Exercise brief:
Reproduce each line, exactly, from the one containing "CONGRESSIONAL RECORD— Extensions" through the end of the material. Exclude pictures.

Collected material:

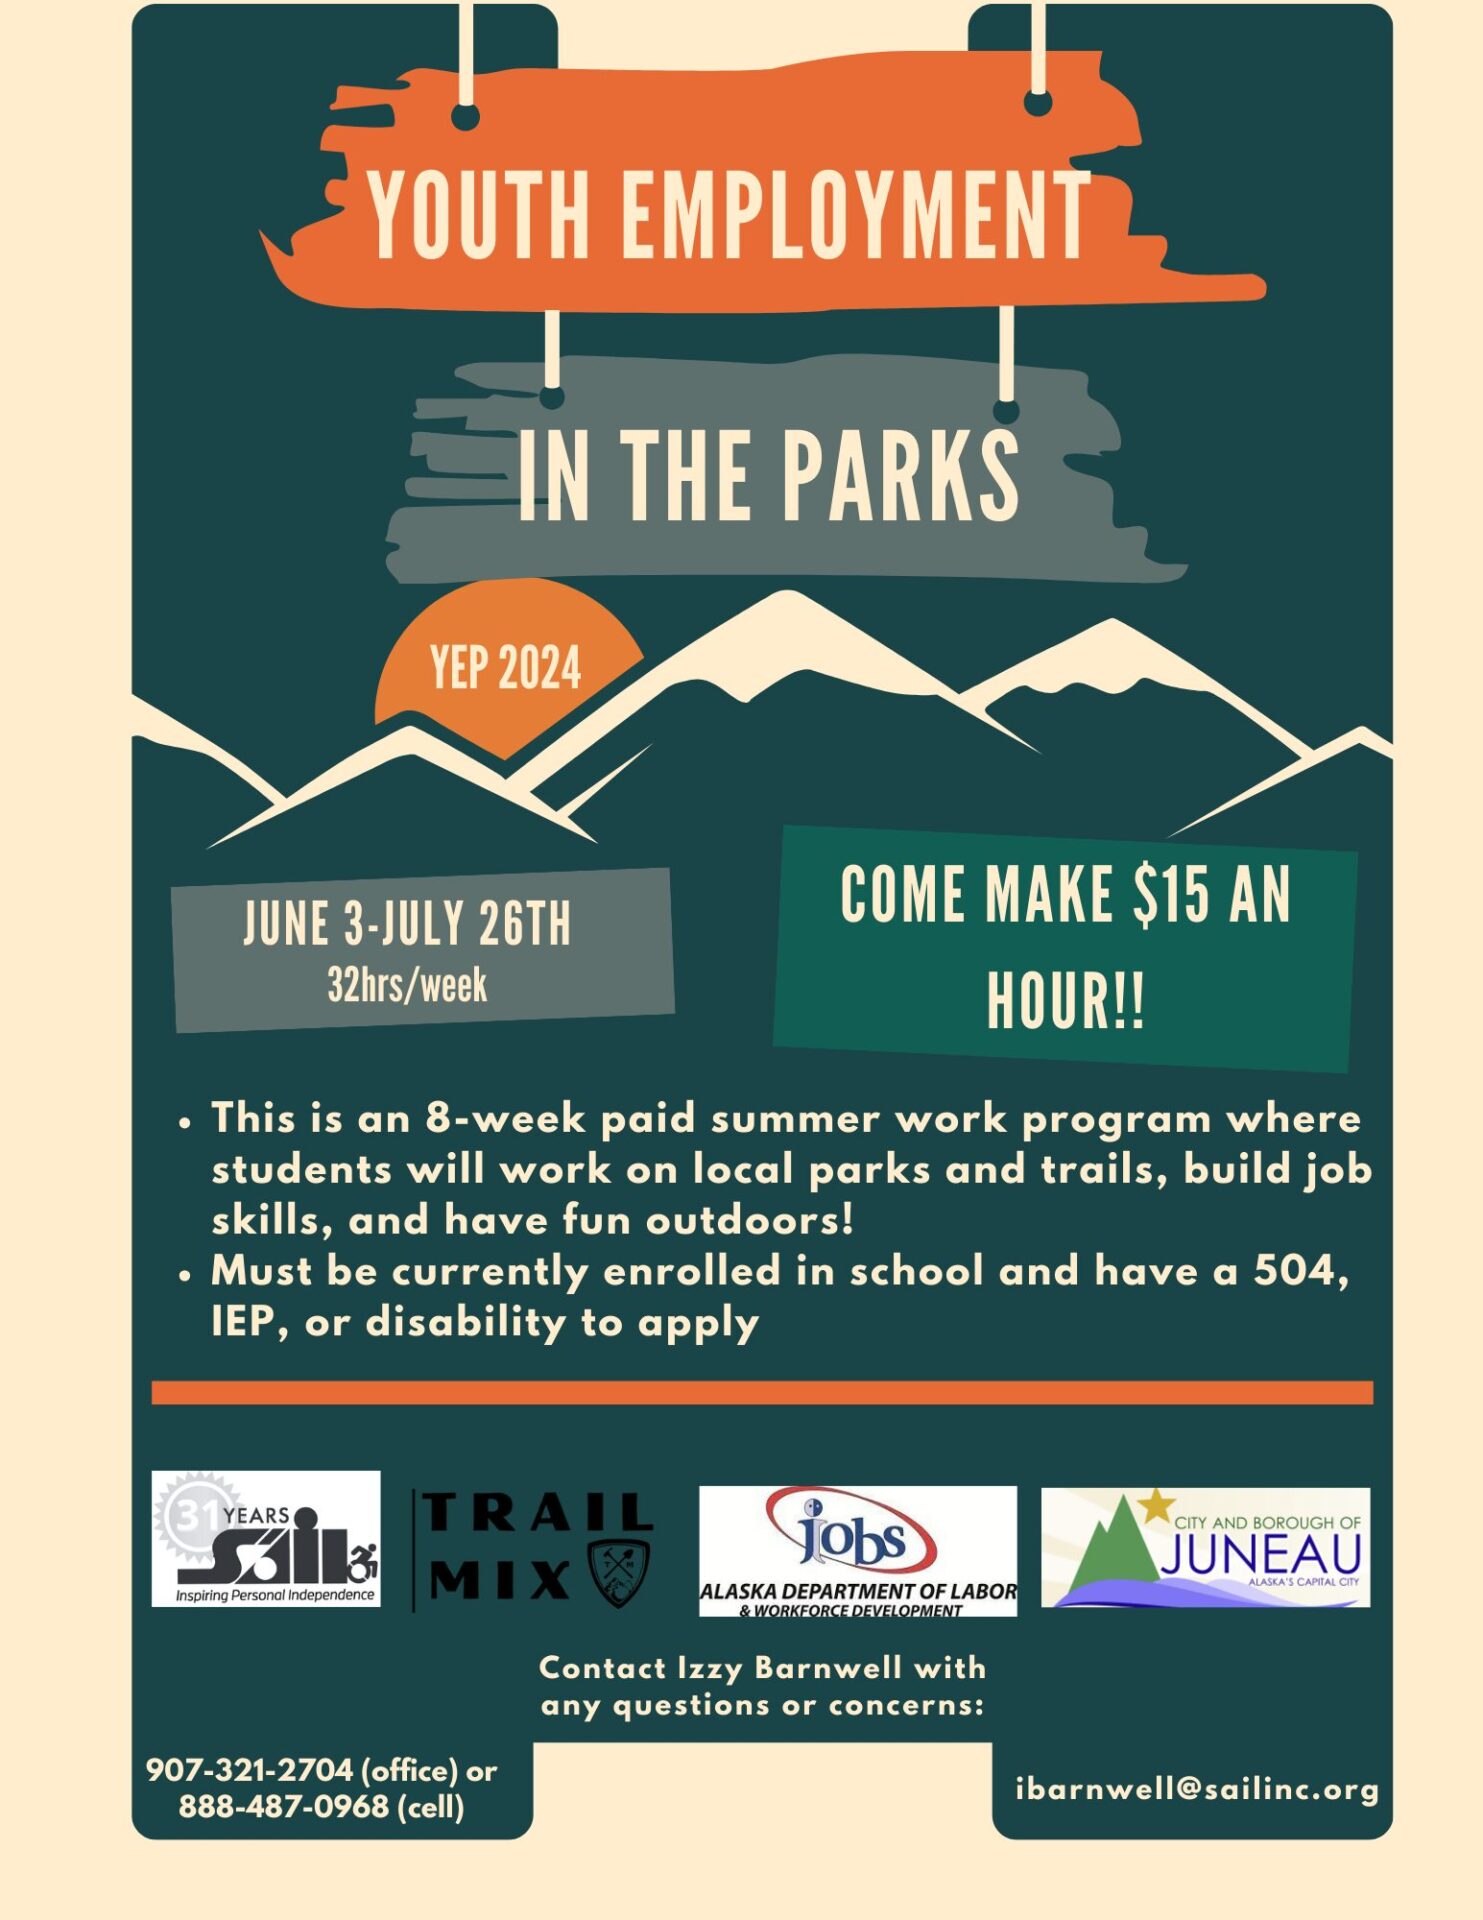 Juneau's Youth Employment in the Parks starts June 3-July 26. Call Izzy Barnwell at 907. 321. 2704. Click on the poster and complete and submit the application to apply. 
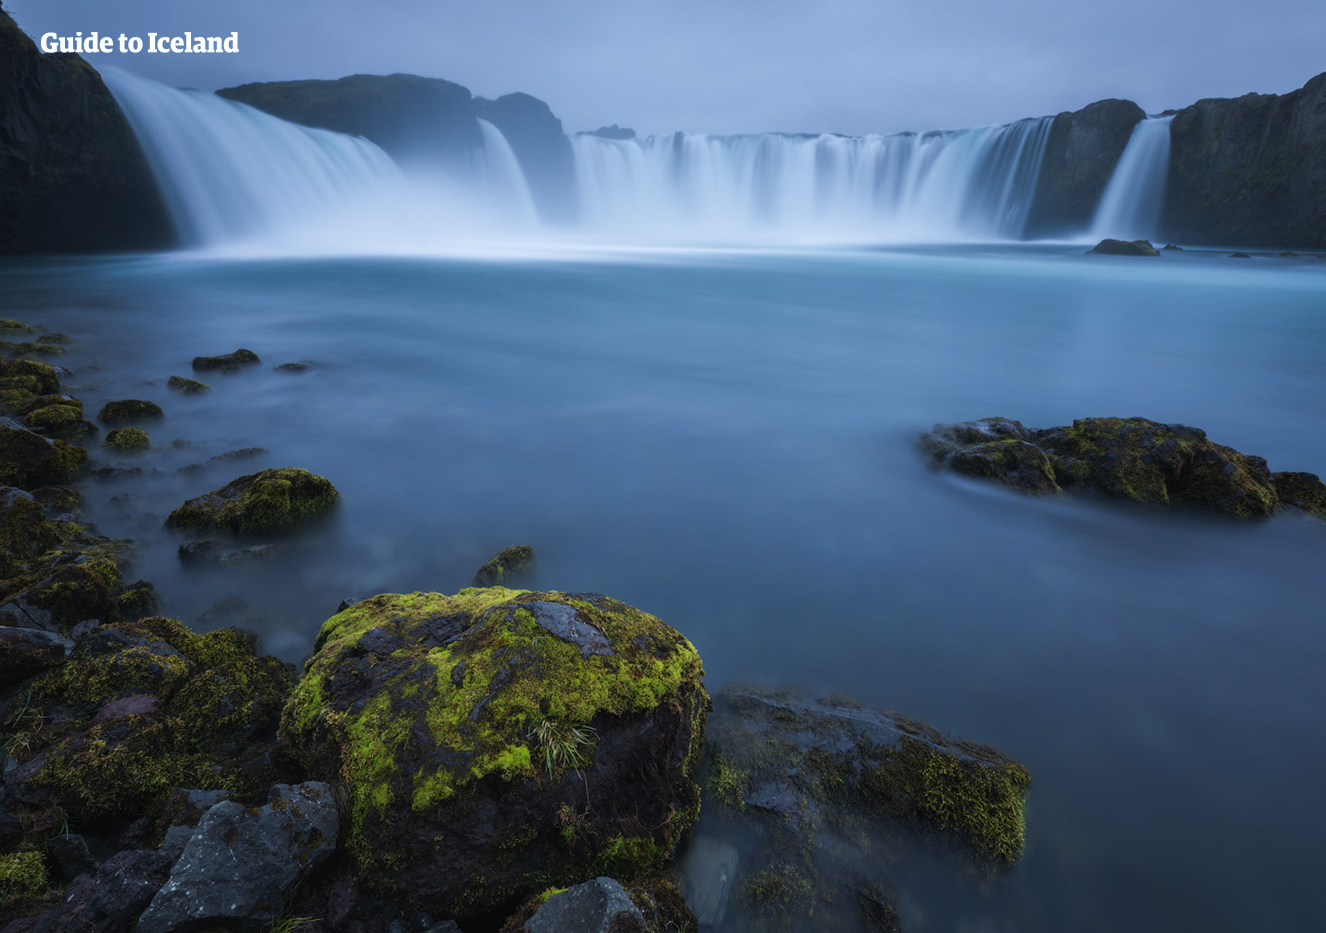 Goðafoss waterfall is located in North Iceland.
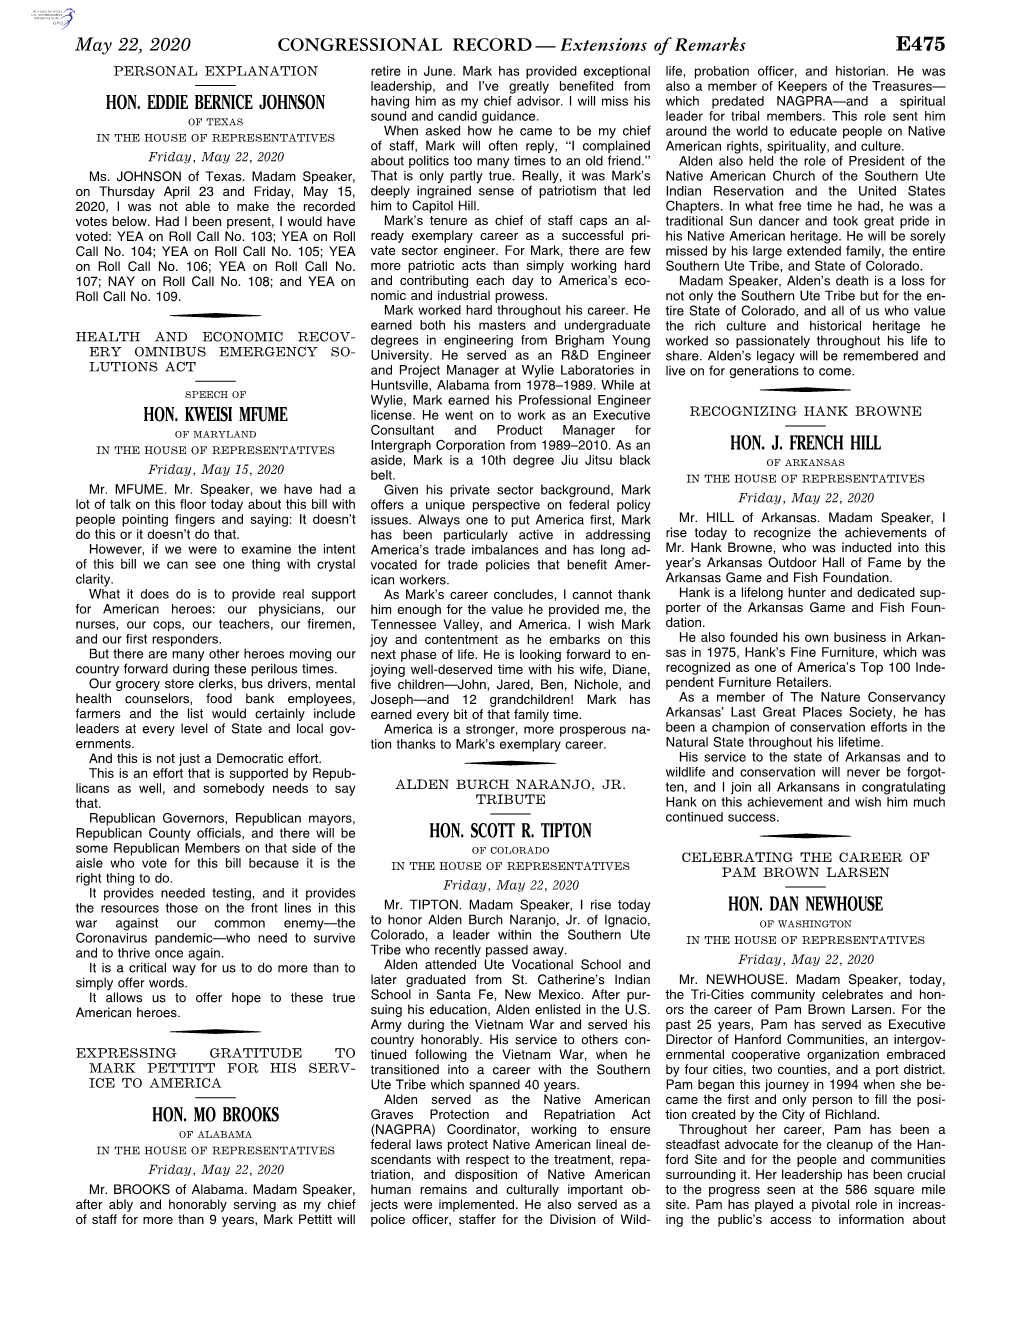 CONGRESSIONAL RECORD— Extensions of Remarks E475 HON
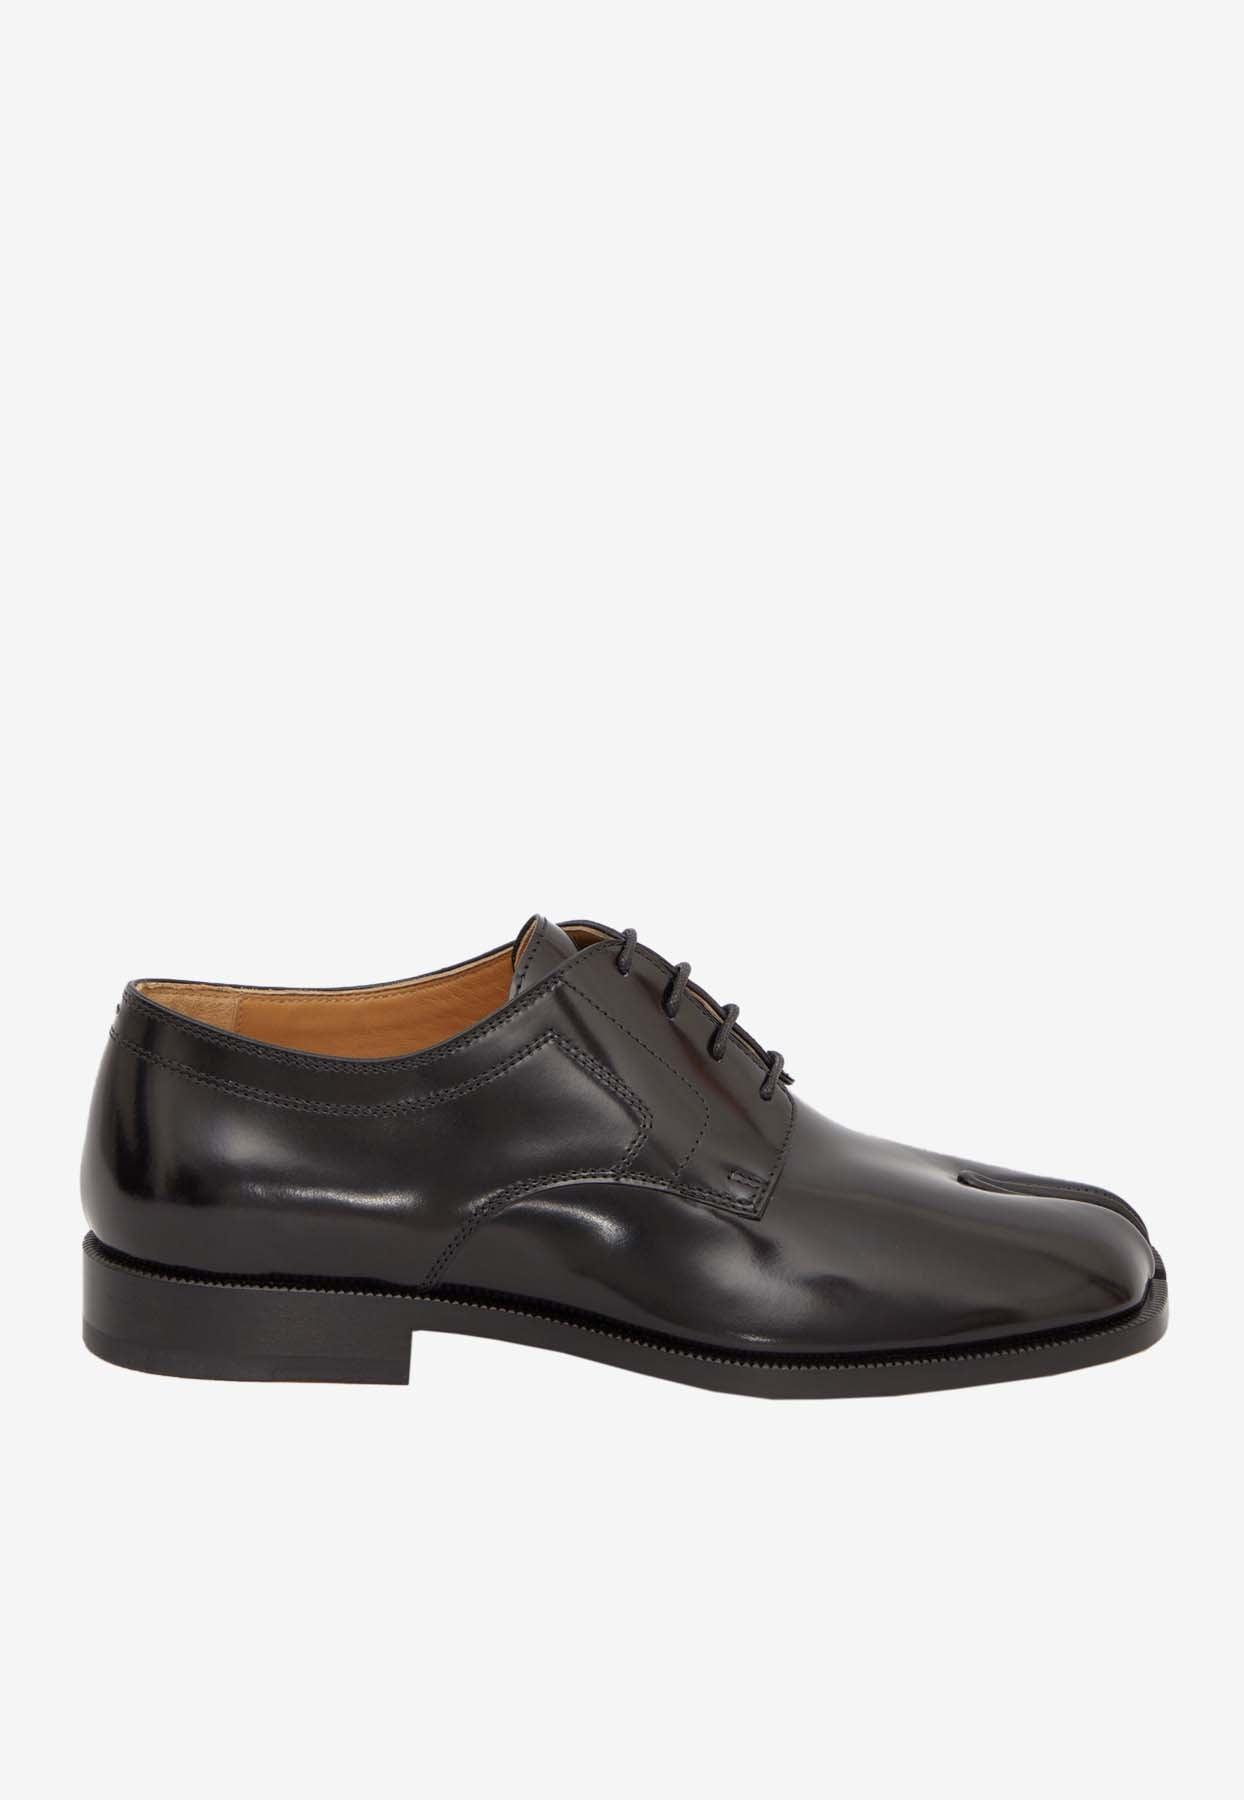 Maison Margiela Tabi Lace-up Derby Shoes In Leather in Brown for Men ...

Response area:
 CONGRESSIONAL RECORD— Extensions of Remarks E475 HON
 Maison Margiela Tabi Lace-up Derby Shoes In Leather in Brown for Men ...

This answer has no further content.